I have no intention of driving back over the boarder. Down here the car does not need an inspection, does not need registration nor does it need $156 insurance per month. If I go back to the states and need a car I'll rent one or have one of my kids drive me.


----------



## RVGRINGO (May 16, 2007)

Pappabee,
You have signed a bond to insure that your vehicle is only 'temporarily' imported into Mexico and cannot ever be sold, parted out or otherwise disposed of in Mexico. You remain the responsible party and subject to serious consequences for violating that agreement with the federal government. Eventually, that car must leave Mexico, even if wrecked. Meanwhile, just because Mexico has no good way to enforce your registration (yet), you are supposed to have the vehicle legally registered somewhere; probably your home state, so that it is legal to drive on the roads. The 'importada temporal' does not actually give you that right. When 'push comes to shove', I wouldn't want to be begging my insurance company to bail me out after a disaster with an unregistered car. I know that lots of scofflaws do what you are planning, but it is so easy to keep registration current in some states, that it is worth the peace of mind for some $40 USD per year. Something to think about.


----------



## pappabee (Jun 22, 2010)

RVGRINGO said:


> Pappabee,
> You have signed a bond to insure that your vehicle is only 'temporarily' imported into Mexico and cannot ever be sold, parted out or otherwise disposed of in Mexico. You remain the responsible party and subject to serious consequences for violating that agreement with the federal government. Eventually, that car must leave Mexico, even if wrecked. Meanwhile, just because Mexico has no good way to enforce your registration (yet), you are supposed to have the vehicle legally registered somewhere; probably your home state, so that it is legal to drive on the roads. The 'importada temporal' does not actually give you that right. When 'push comes to shove', I wouldn't want to be begging my insurance company to bail me out after a disaster with an unregistered car. I know that lots of scofflaws do what you are planning, but it is so easy to keep registration current in some states, that it is worth the peace of mind for some $40 USD per year. Something to think about.

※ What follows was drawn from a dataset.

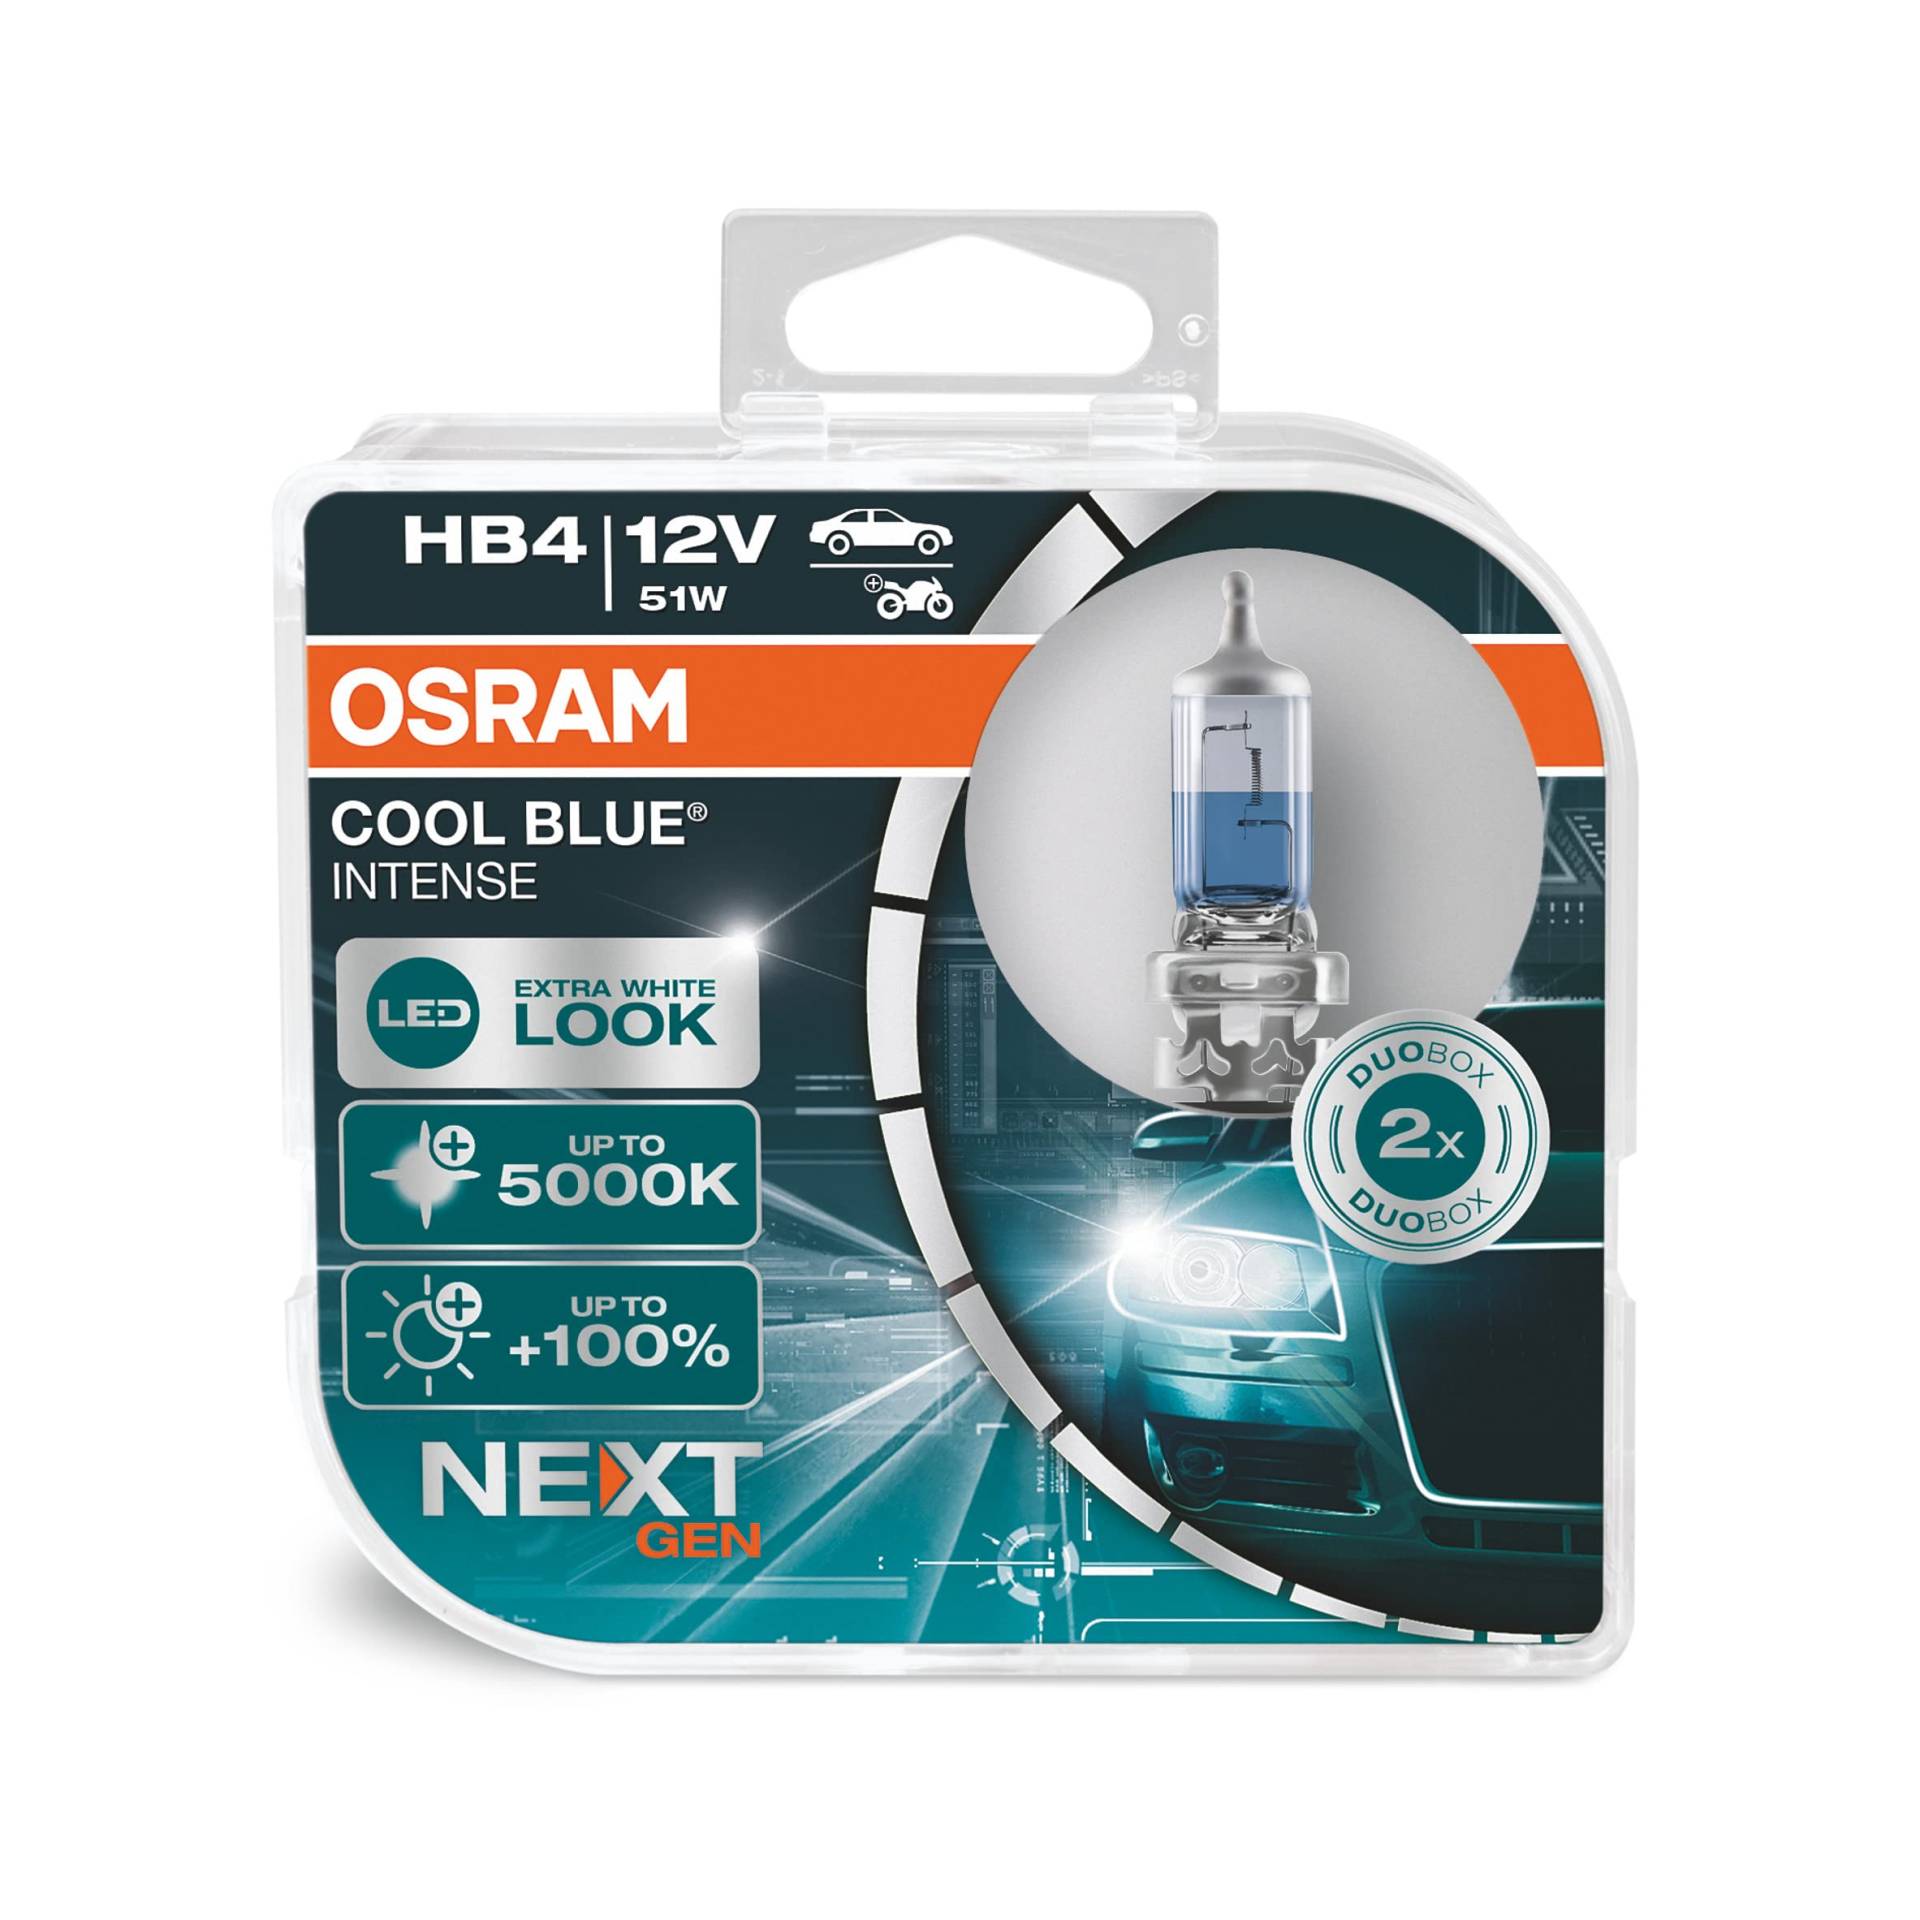 Osram COOL BLUE INTENSE HB4, 100% mehr Helligkeit, bis zu 5.000K, Halogen-Scheinwerferlampe, LED-Look, Duo Box (2 Lampen) von Osram

According to a conversation I had with the Mexican Counsel in Austin Texas, so long as my FM3 is valid, so is the permit to "import" my auto. I do need a valid driver's license but not an inspection or registration. In Texas you need valid insurance coverage in order to register on line and it will be validated. 

If my information is not correct, then I'm sorry but I can't see having insurance in the states and in Mexico on the same vehicle. Texas also requires an inspection certificate and without both you can not drive. How in the world am I expected to get it inspected when I can not drive it in the states? 

And to go one step further I strongly object to your use of the term "scofflaws" with regard to what I am doing. I am only using the information given to me. We crossed the boarder on May 2 and it took us over three hours just to try to have our visa's validated. No one in immigration even knew what form was needed let alone how to complete it. When we arrived at Ajijic we knew we had to register our address and went to immigration in Guadalajara to do so. They didn't know what was needed nor did they know again what form was to be used. It cost us a lot of money to get someone to walk us through the mess. 

We try to follow all laws but since they seem to change weekly we do the best we can.


----------



## ReefHound (Aug 9, 2010)

1. I don't think RV was saying you must carry insurance in both countries but that you might want to be sure you are in compliance with your Mexican insurance requirements. If they require your vehicle to be current on inspection and registration for the plates issued, then it is irrelevant what Mexico requires. Your insurer isn't going to issue you a traffic citation but they may reject a claim.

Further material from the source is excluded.